🤖 AI Summary
Medical report generation models often suffer from clinical hallucinations, leading to factual inaccuracies that undermine diagnostic reliability. To address this, we propose HiMed-RL, a hierarchical reinforcement learning framework featuring a human-inspired dynamic reward adjustment mechanism that progressively optimizes linguistic fluency, conceptual accuracy, and diagnostic consistency. Our approach innovatively integrates expert-knowledge-guided concept alignment, token-level reward modeling, semantic-level LLM-based validation, and an adaptive reward scheduling strategy—enabling fine-grained clinical quality control.
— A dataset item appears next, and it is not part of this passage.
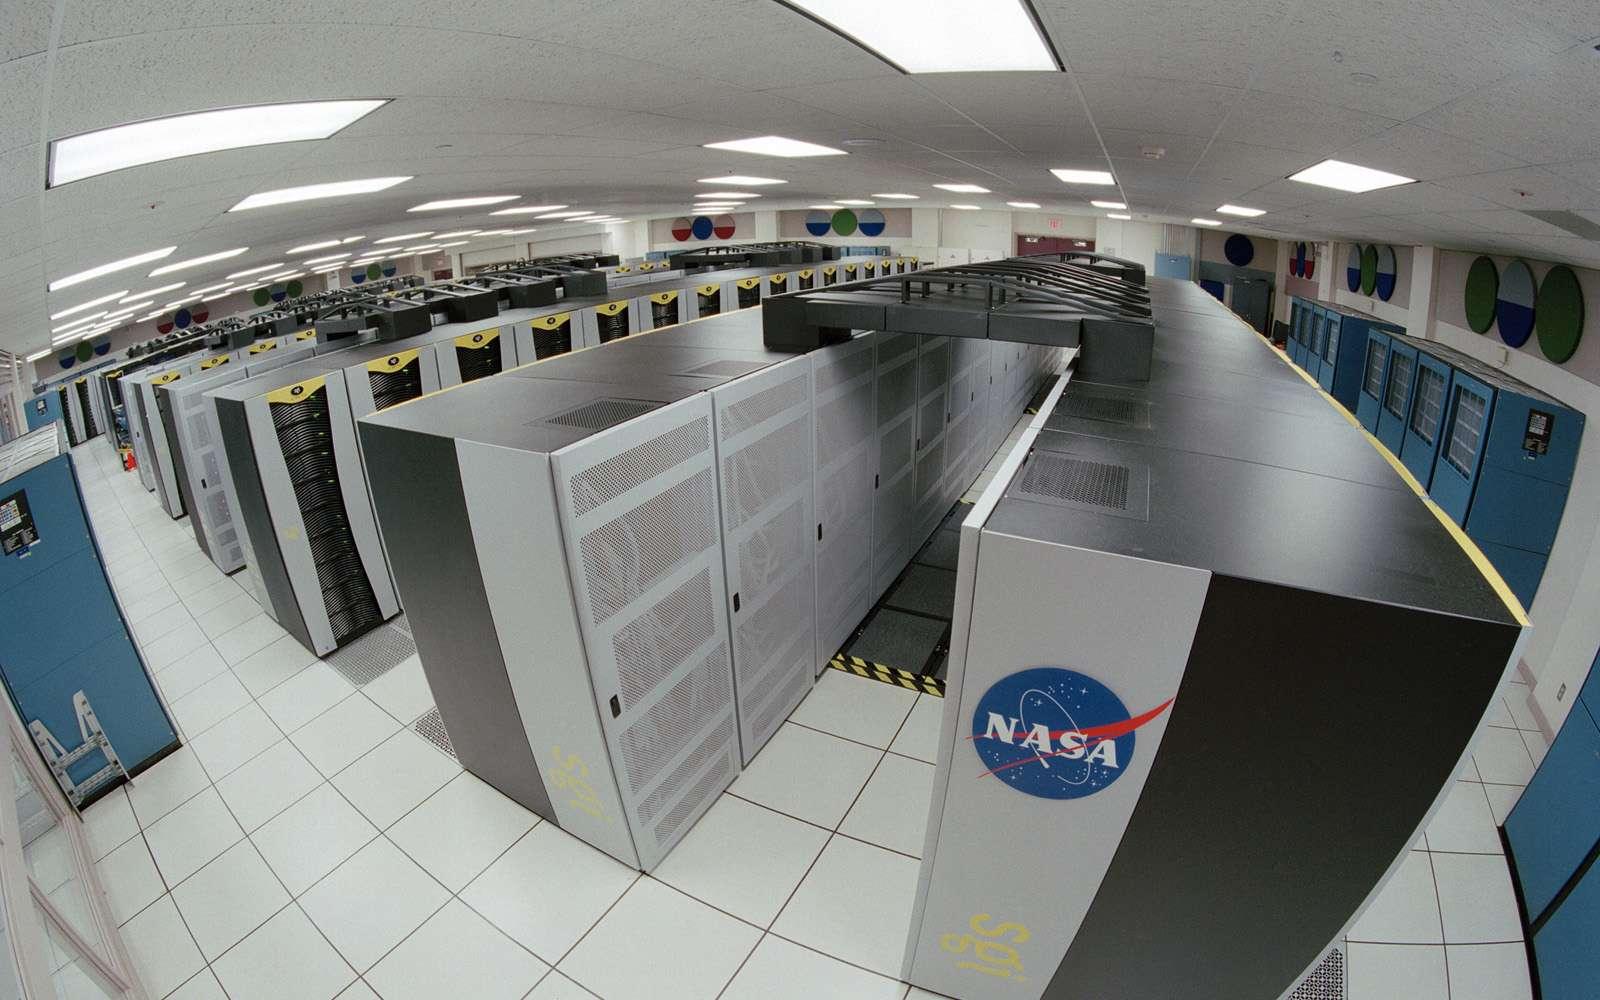 Le supercalculateur de la Nasa, en Californie. © Trower, Nasa, Wikipedia, DP

Evaluated on both in-domain and cross-domain benchmarks, the HiMed-3B model achieves state-of-the-art performance; notably, its cross-domain metrics surpass those of the second-best baseline by 12.1%, significantly enhancing the clinical credibility and practical utility of generated reports.
📝 Abstract
Automatic medical report generation can greatly reduce the workload of doctors, but it is often unreliable for real-world deployment. Current methods can write formally fluent sentences but may be factually flawed, introducing serious medical errors known as clinical hallucinations, which make them untrustworthy for diagnosis. To bridge this gap, we introduce HiMed-RL, a Hierarchical Medical Reward Learning Framework designed to explicitly prioritize clinical quality. HiMed-RL moves beyond simple text matching by deconstructing reward learning into three synergistic levels: it first ensures linguistic fluency at the token-level, then enforces factual grounding at the concept-level by aligning key medical terms with expert knowledge, and finally assesses high-level diagnostic consistency at the semantic-level using a specialized LLM verifier. This hierarchical reward is implemented via a Human-inspired Dynamic Reward Adjustment, a strategy which first teaches the model to learn basic facts before progressing to more complex diagnostic reasoning. Experimentally, HiMed-3B achieves state-of-the-art performance on both in-domain and out-of-domain benchmarks, particularly on the latter, with an improvement of 12.1% over the second-best baseline. Our work provides a robust paradigm for generating reports that not only improve fluency but clinical fine-grained quality.